Excerpted records Start Marker
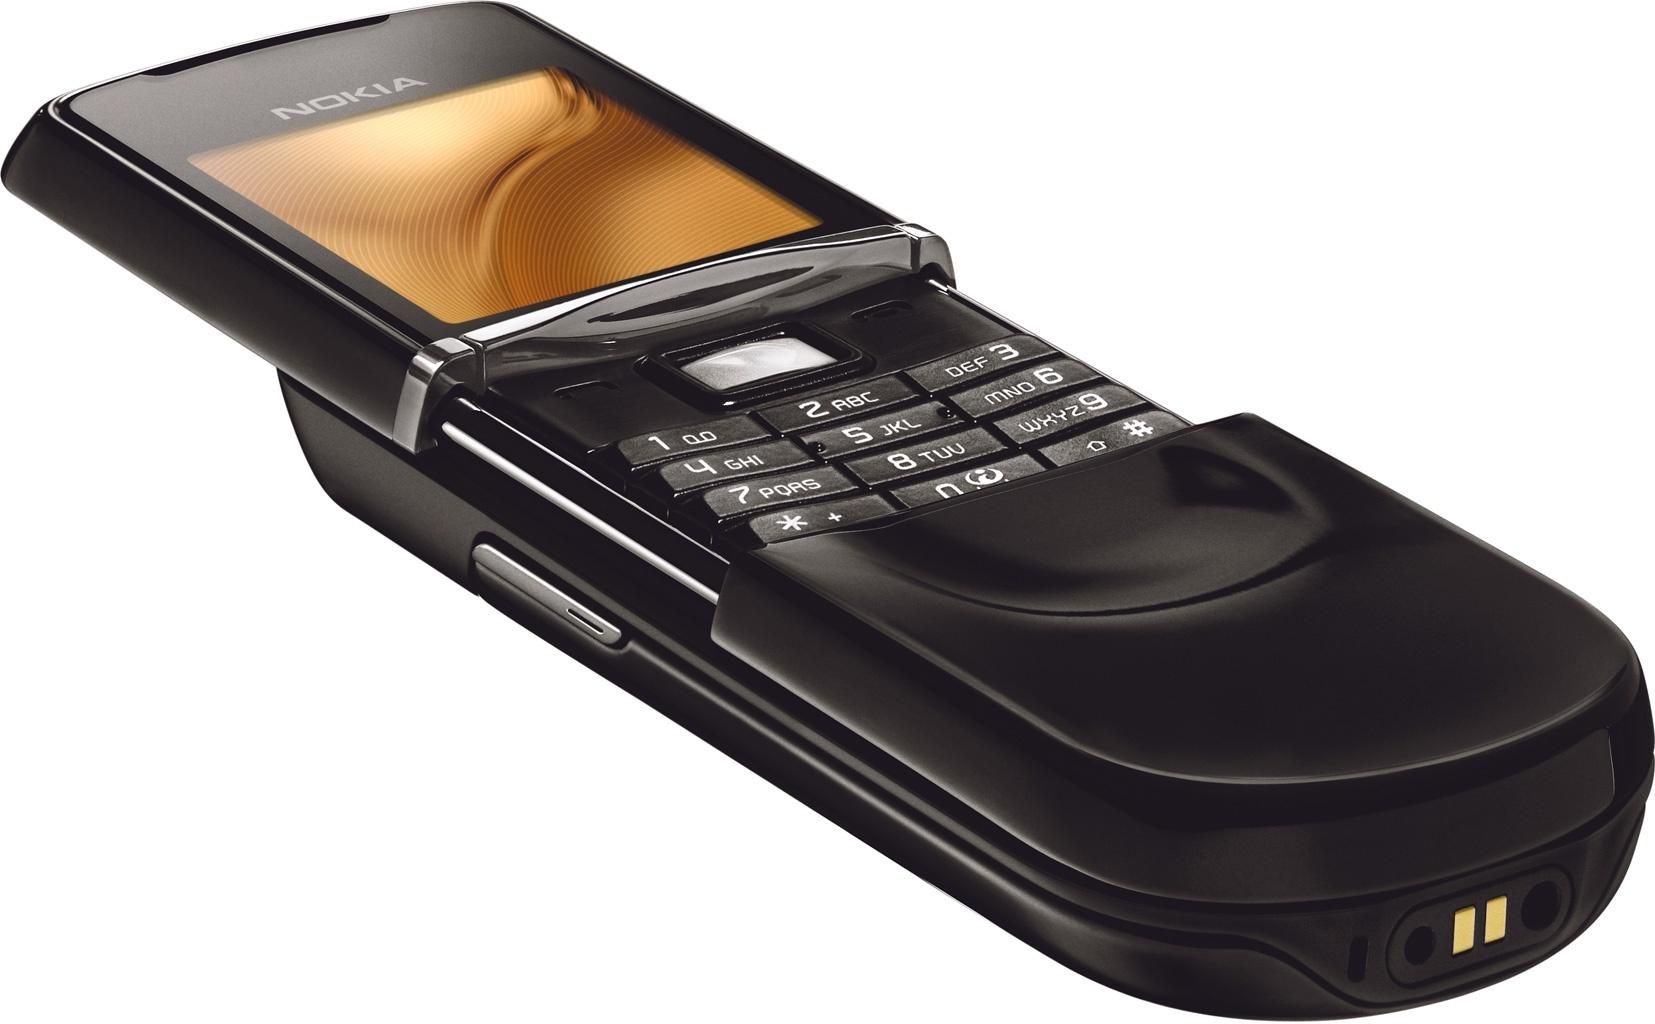 Tapety : Nokia 8800 Sirocco Edition
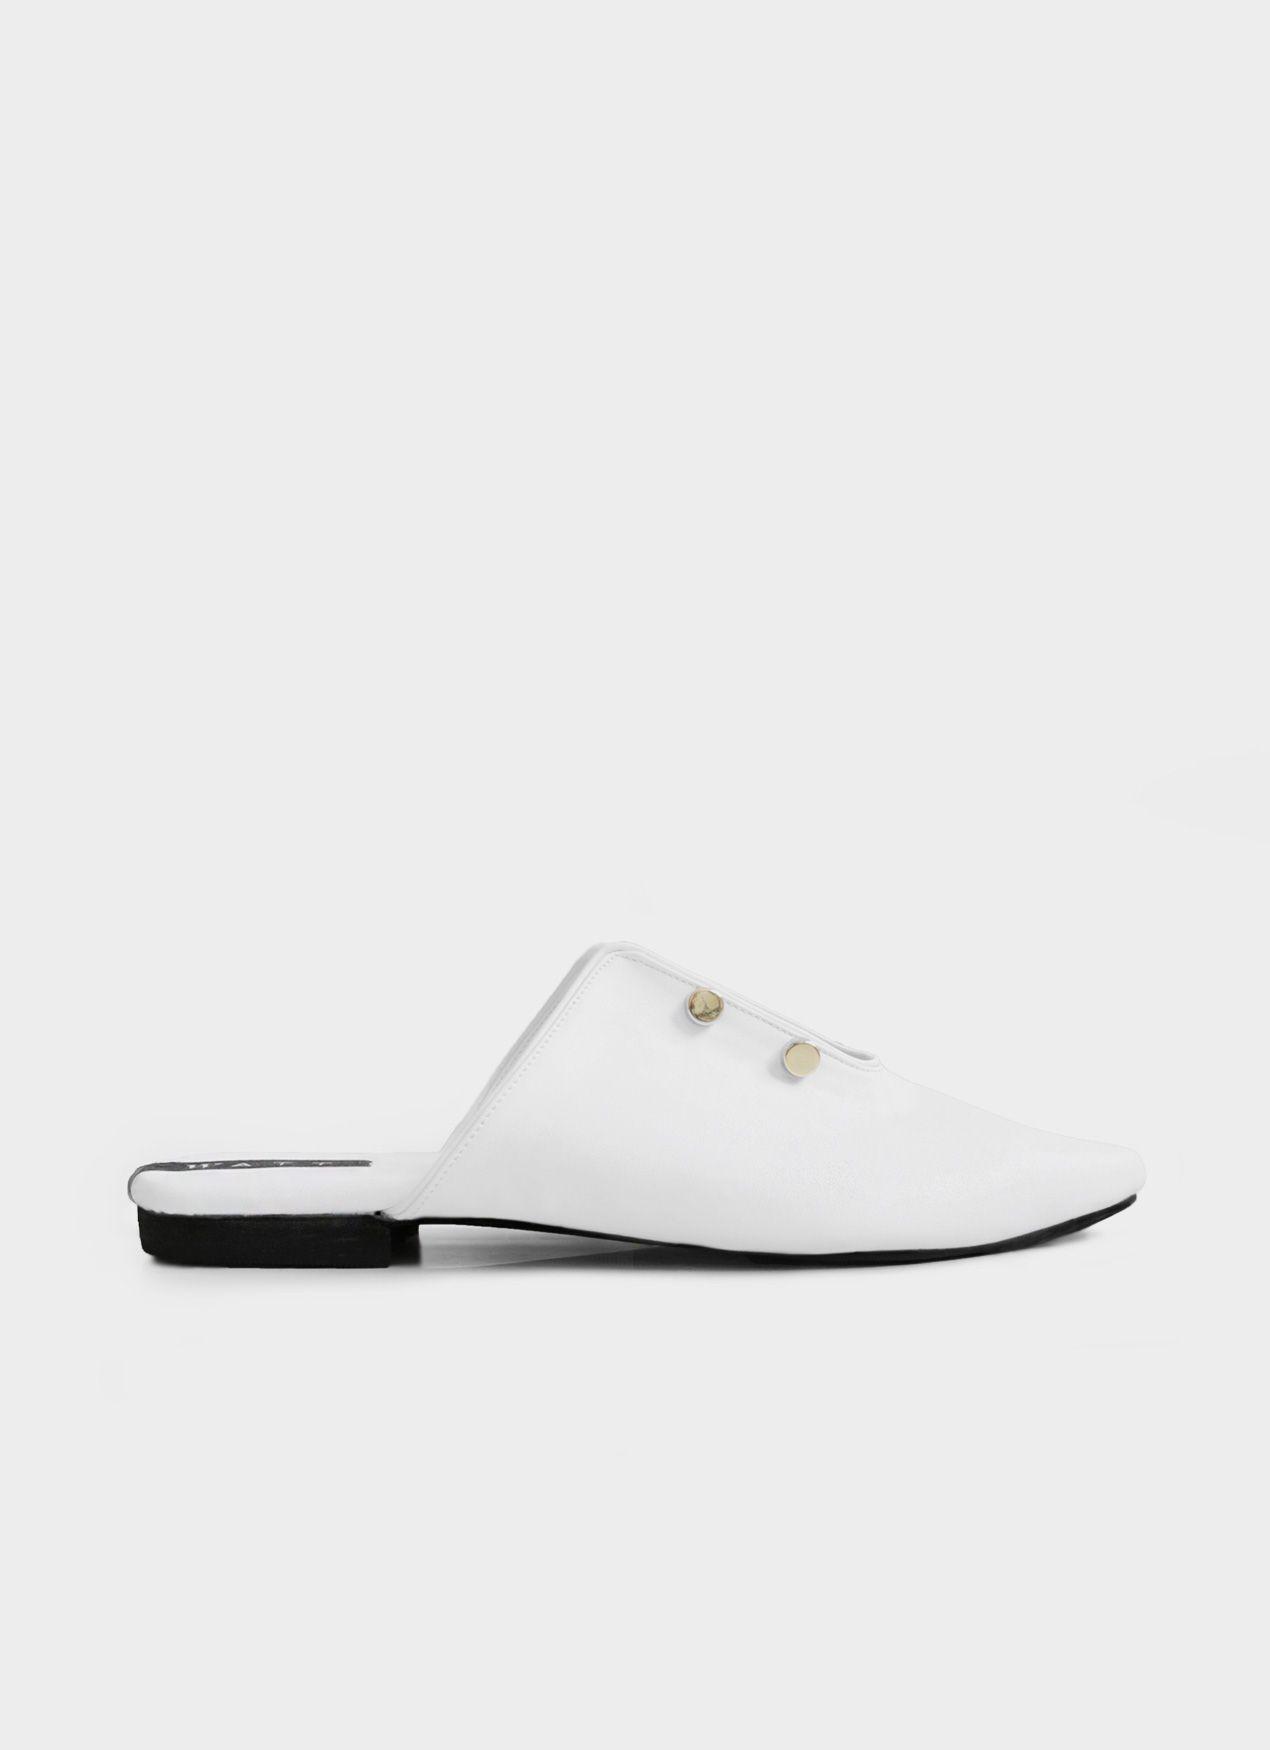 #PopbelaOOTD: Kumpulan Sepatu Kulit dari Brand Lokal
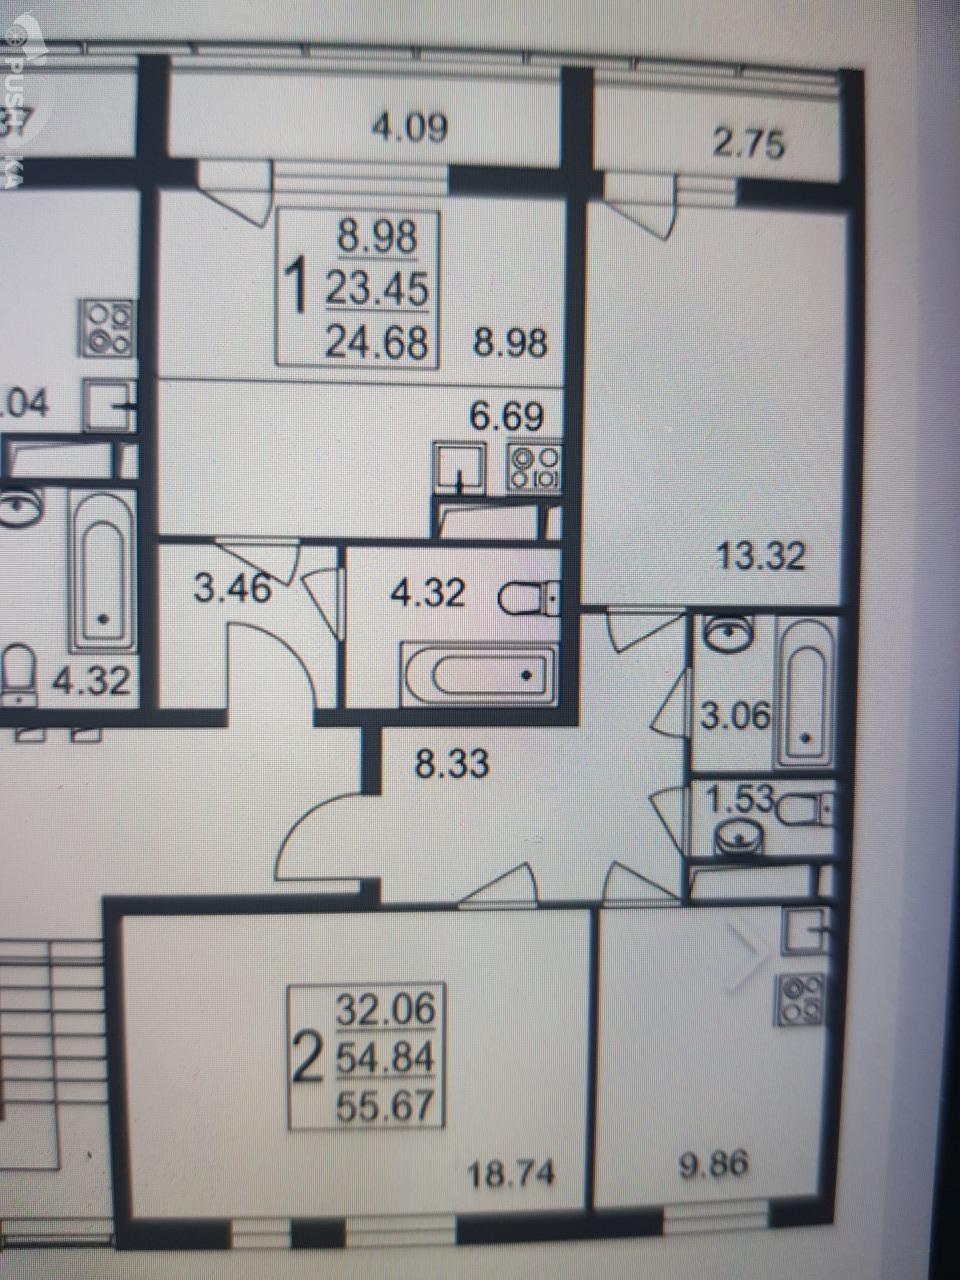 Продаётся 2-комнатная квартира 55.3 кв.м. этаж 6/8 за 6 400 000 руб
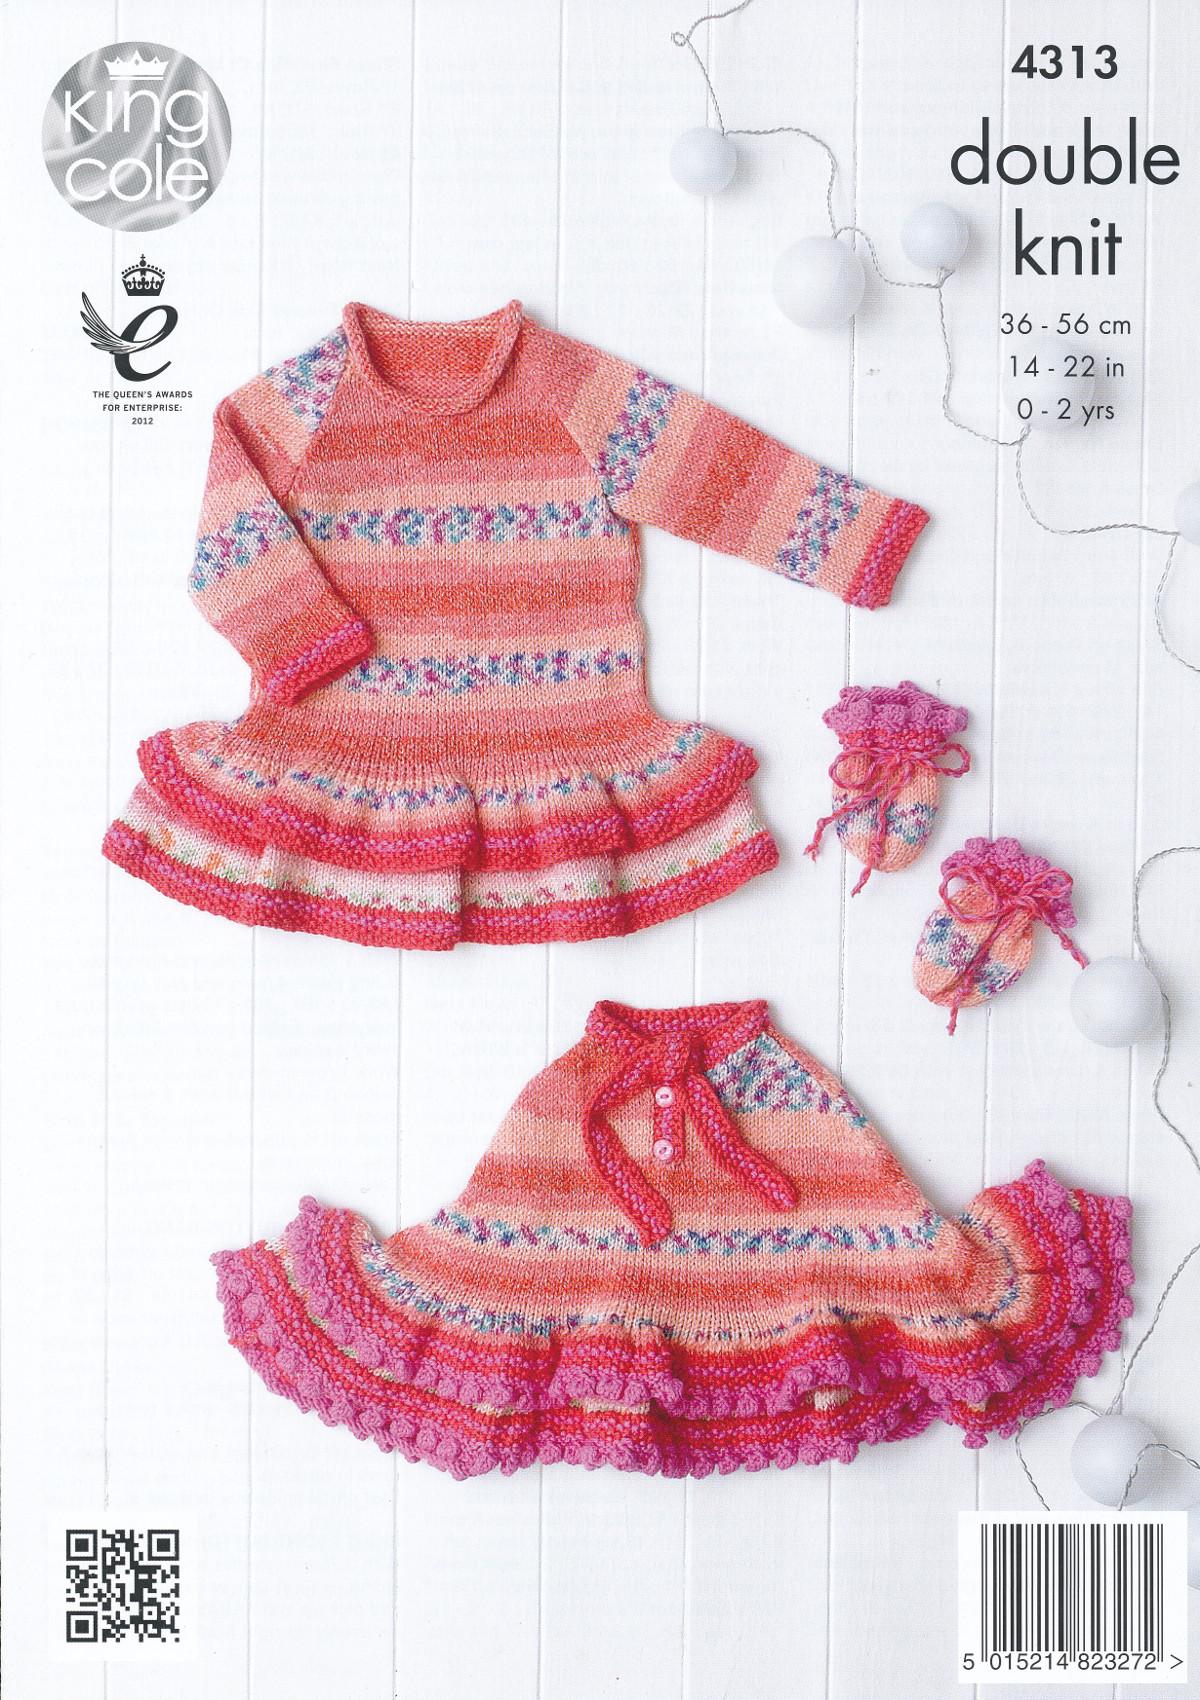 Double Knitting Hoodie Pattern : Baby Drifter DK Knitting Pattern King Cole Hoodie Dress ...
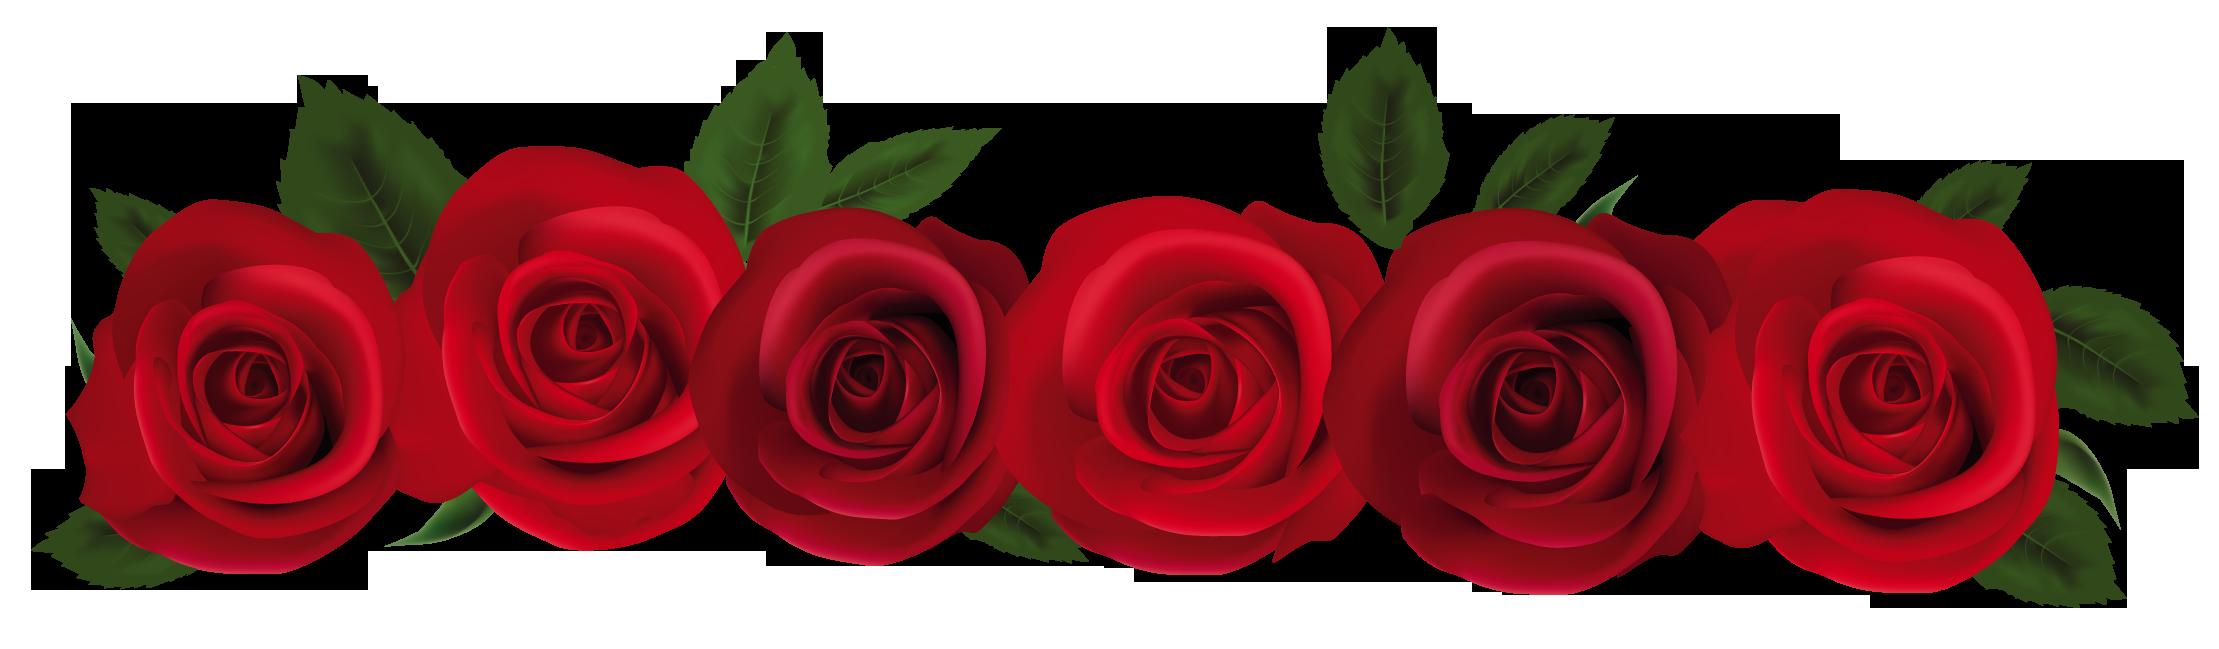 rose border clip art free.
Excerpted records End Marker
• [Instructions to follow]:
Return only the lines from the one that contains "#PopbelaOOTD: Kumpulan Sepatu" through the closing line of the data, inclusive, reproduced exactly and with every picture left out.

• [Result of the task]:
 #PopbelaOOTD: Kumpulan Sepatu Kulit dari Brand Lokal
 Продаётся 2-комнатная квартира 55.3 кв.м. этаж 6/8 за 6 400 000 руб
 Double Knitting Hoodie Pattern : Baby Drifter DK Knitting Pattern King Cole Hoodie Dress ...
 rose border clip art free.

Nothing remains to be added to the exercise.